I did the question on a piece of paper before typing in the solution and
inadvertently wrote down the point B(4,-6) as (4,6)
so the equation I had written as
√[(x+2)^2 + (y-3)^2] = 2√[(x-4)^2 + y-6)^2]
should have been
√[(x+2)^2 + (y-3)^2] = 2√[(x-4)^2 + y+6)^2]
make the necessary changes in my solution, the only change would be in the y term.
Sure, I can help you get started with these two questions!
a) Let's start by finding the midpoint of the line segment AB, which will give us the coordinates of the point equidistant from A and B. The midpoint can be found by averaging the x-coordinates and the y-coordinates separately:
Midpoint coordinates:
x-coordinate: (A's x-coordinate + B's x-coordinate) / 2 = (-2 + 4) / 2 = 1
y-coordinate: (A's y-coordinate + B's y-coordinate) / 2 = (3 + (-6)) / 2 = -1.5
So, the midpoint is located at (1, -1.5).
Now, let's define a point P on the locus of the dog, such that the distance between P and A is twice the distance between P and B. The distance formula between two points (x1, y1) and (x2, y2) is:
Distance = √((x2 - x1)^2 + (y2 - y1)^2)
Using this formula, we can write the equation for the locus of the dog. Let P be the point (x, y):
Distance AP = 2 * Distance BP
√((x - (-2))^2 + (y - 3)^2) = 2 * √((x - 4)^2 + (y - (-6))^2)

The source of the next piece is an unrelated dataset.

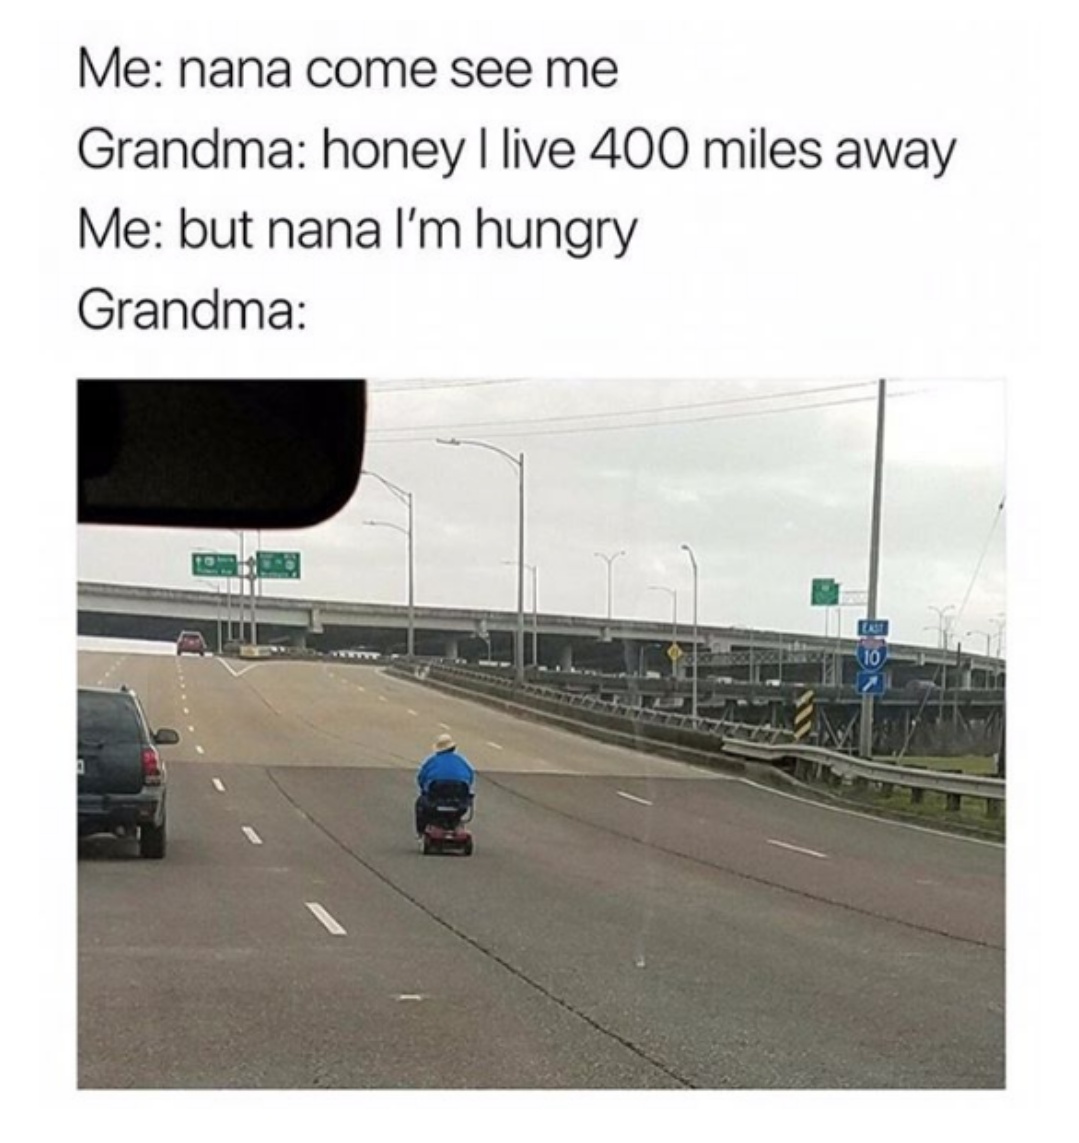 grandma i m hungry meme - Me nana come see me Grandma honey I live 400 miles away Me but nana I'm hungry Grandma

Squaring both sides of the equation and expanding, we get:
(x + 2)^2 + (y - 3)^2 = 4 * ((x - 4)^2 + (y + 6)^2)
Expanding and simplifying further, we arrive at the equation of the locus of the dog:
5x^2 - 38x + 69y - 280 = 0
To graph the locus, plot the points A(-2,3) and B(4,-6), draw the path defined by the equation 5x^2 - 38x + 69y - 280 = 0, and include the two trees.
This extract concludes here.